Goodbyes are always sad, but we handled it about as well as we could've. We got up, had a bit more McDonald's, I wound up buying a homeless dude a hot chocolate after he asked for one, and then it was back off to Heathrow. I got a few texts overnight about my flight being canceled and me being transferred to another one, owing to the raging Canadian wildfires, but I discovered upon checking in that I was not headed back to Newark, but to Washington D.C.! For extra hilarity, my mom, and my ride home after I got back, was still asleep, given that 10AM in western Europe is still only 5AM back in Pennsylvania.
Well, obviously, that just wasn't gonna work, and I parlayed my way instead onto a Virgin Airlines flight to JFK. That seemed to work, but of course it was a lot of extra walking to Terminal 3 where Virgin was stationed, and a lot of extra stress figuring out just how I was gonna get to Newark from JFK. Eventually, when my mom got up, we decided that she'd take a train to Penn Station in New York City, I'd get an Uber there (at even greater expense), and we'd take the train back to Newark.
Thankfully, it all went without a hitch.
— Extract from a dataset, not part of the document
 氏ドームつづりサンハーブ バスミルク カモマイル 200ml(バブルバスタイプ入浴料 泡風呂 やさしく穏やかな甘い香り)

We (just barely) made the next train back home, and it was a major relief seeing my area again after so much uncertainty both ways across the Atlantic.
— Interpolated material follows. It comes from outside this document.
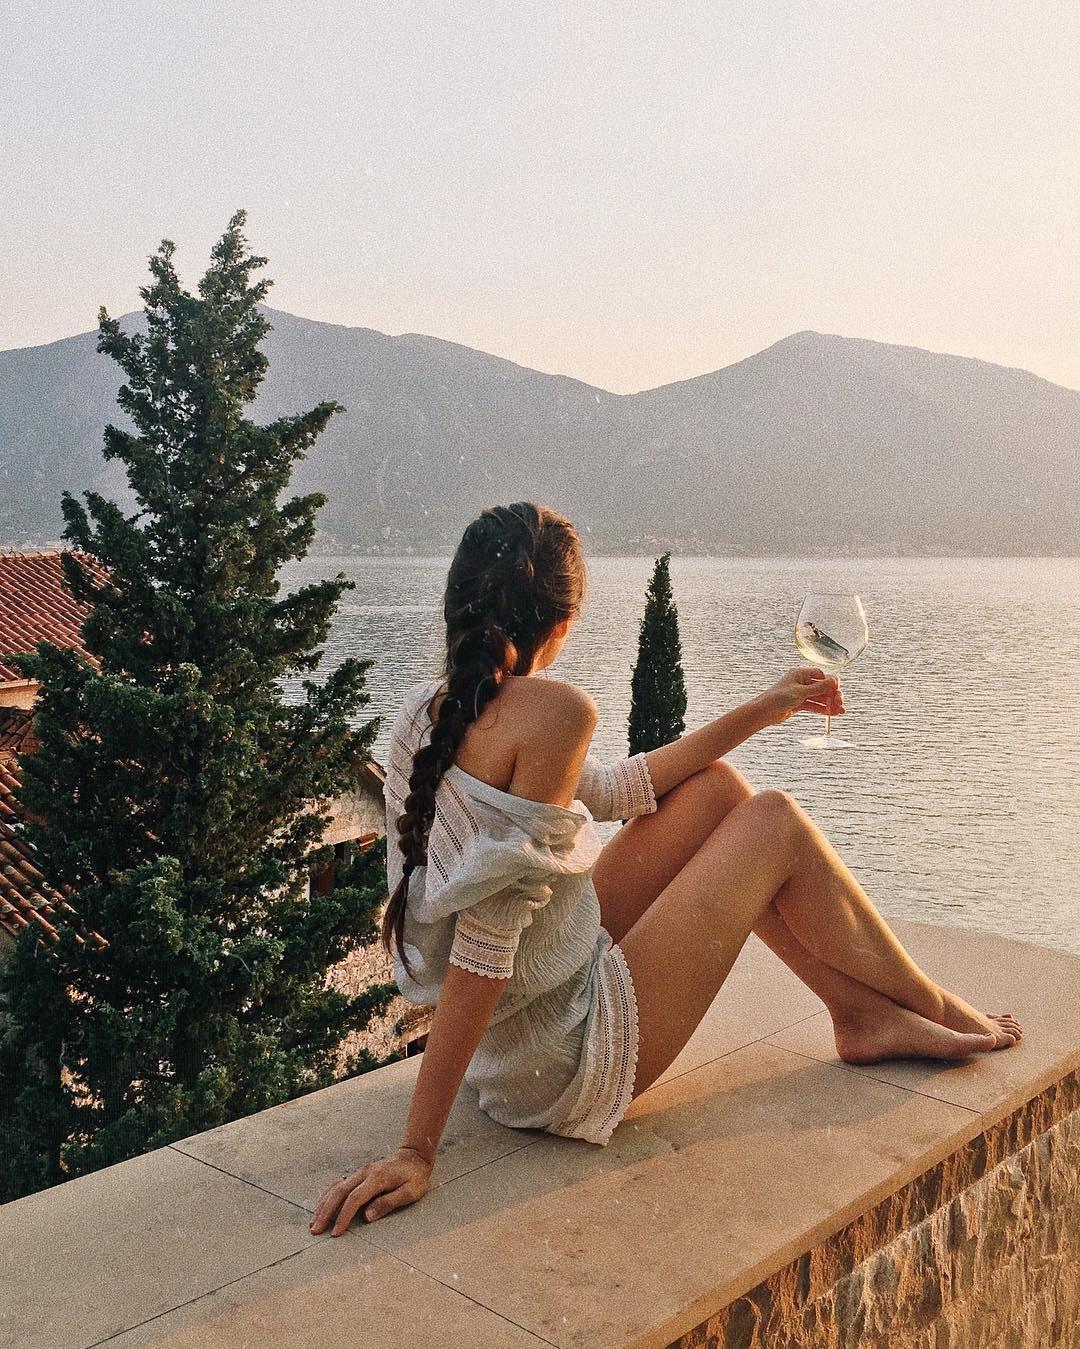 lugares altos, paisagens e drinks

Still, let's go back to the goodbyes. It really did start to hit me as I was printing my boarding pass how little I really wanted to leave. Even now, back home and writing this, it finally felt like I was free from the stresses of dating over the Internet, all the yearning, all the helplessness through rough times. It wasn't perfect in person, but we felt complete. Caby and I sat as long as we could in front of the baggage drop, which thankfully was separate from the checking in (which it hadn't been for Air Canada, probably because it was a much smaller airline) and we could share another long, five minute goodbye before I disappeared into security and into the shops and departure areas.
As much as we didn't want to leave each other, though, as much as we were gonna miss each other dearly—we were just glad it happened and that we had the skills and confidence to make next time happen. A lot of that goodbye was spent talking about when we'd decide to reconvene next, because the next time always seems to make the goodbye a little easier. It's not goodbye, it's see you later. That's what we kept telling each other. A little saying picked up from her grandparents, I think.
And so, I went through Heathrow security (once again, amazingly overblown, the Internet makes everything sound so dystopian), and I boarded that new plane, with "Young Folks" by Peter Bjorn and John playing overhead, and took back off towards Pennsylvania.
Oh, and landed in the aforementioned wildfire smoke. The first thing I saw as we were landing was a Party City. There's a fantastic metaphor somewhere in that.